Since $Q$ has exactly three convex internal angles, $\overline{v_1v_2}$ is the portion of $\partial Q$ between $v_1$ and $v_2$ not containing $v_3$.

Suppose that the order of the vertices of $Q$ with concave internal angle is different from the order of the vertices of $Q'$ with concave internal angle. This means that for any $z,z_1,z_2$ vertices of $Q$ it can happen:

  • $z\in \overline{v_iv_j}$ and $z'\in \overline{v_j'v_k'}$
  • $z_1,z_2\in \overline{v_iv_j}$, $z_1',z_2'\in \overline{v_i'v_j'}$, $d_{Q}(v_i,z_1)<d_Q(v_i,z_2)$, $d_{Q'}(v_i',z_2')<d_{Q'}(v_i',z_1')$

Finally, suppose that the distance with respect to $d_Q$ between any two vertices of $Q$ is greater or equal to the distance with respect to $d_{Q'}$ between the two corresponding vertices of $Q'$.

For every such $Q,Q'$ I want to find a third polygon $Q''$ entirely contained in $Q'$ such that:

  • to every vertex $z$ of $Q$ corresponds a vertex $z''$ of $Q''$ and furthermore it results $v_i''=v_i'$, $i=1,2,3$. This means that $Q''$ can have more than $n$ vertices, with the condition that the internal angle at vertices which do not correspond to vertices of $Q$ must be concave

  • vertices of $Q$ have the same order of the corresponding vertices of $Q''$

  • the distance with respect to $d_Q$ between any two vertices of $Q$ is greater or equal to the distance with respect to $d_{Q''}$ between the two corresponding vertices of $Q''$

I am having great difficulties proving the existence of $Q''$ because it seems to me that it can not be obtained moving one vertex of $Q'$ at a time.
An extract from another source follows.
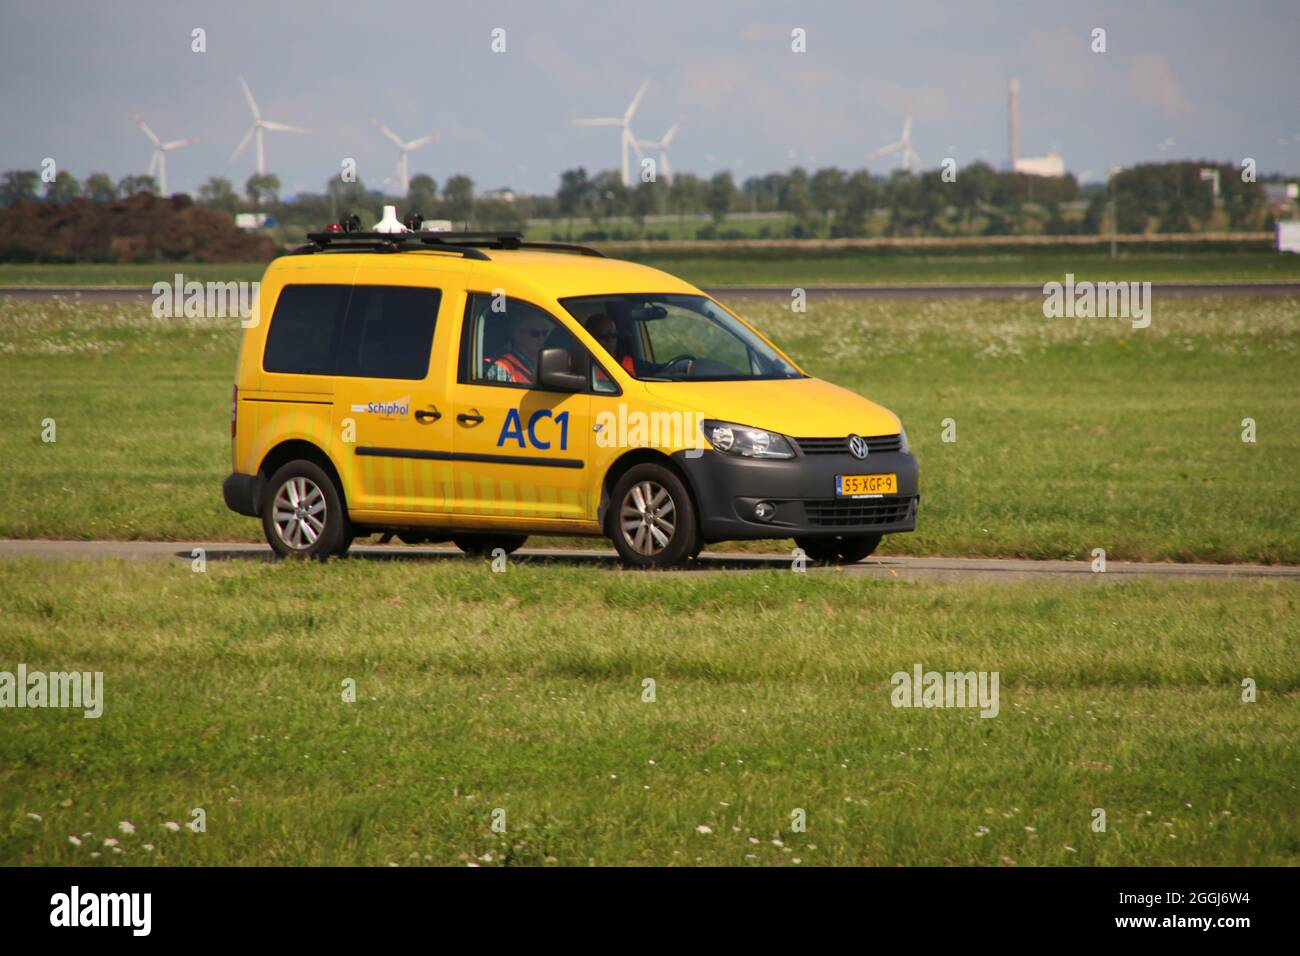 AC1 from alarm central of  Schiphol Airport AlarmCentrale  at Polderbaan 18R-36L of Schiphol Amsterdam Airport the Netherlands Stock Photo

For example, if $z\in \overline{v_iv_j}$ and $z'\in \overline{v_j'v_k'}$ and one tries to move $z'$ to place it on $\overline{v_j'v_k'}$, then $d_{Q'}(z',z_1')$ ($z_1'$ is any vertex of $Q'$) might become equal to $d_{Q}(z,z_1)$ before $z'$ reaches $\overline{v_j'v_k'}$. If one then tries to move $z_1'$ then $d_{Q'}(z_1',z_2')$ ($z_2'$ is another vertex of $Q'$) might become equal to $d_{Q}(z_1,z_2)$ before $z_1'$ is moved enough to let $z'$ reach $\overline{v_i'v_j'}$.

Can you think of a better way to obtain $Q''$?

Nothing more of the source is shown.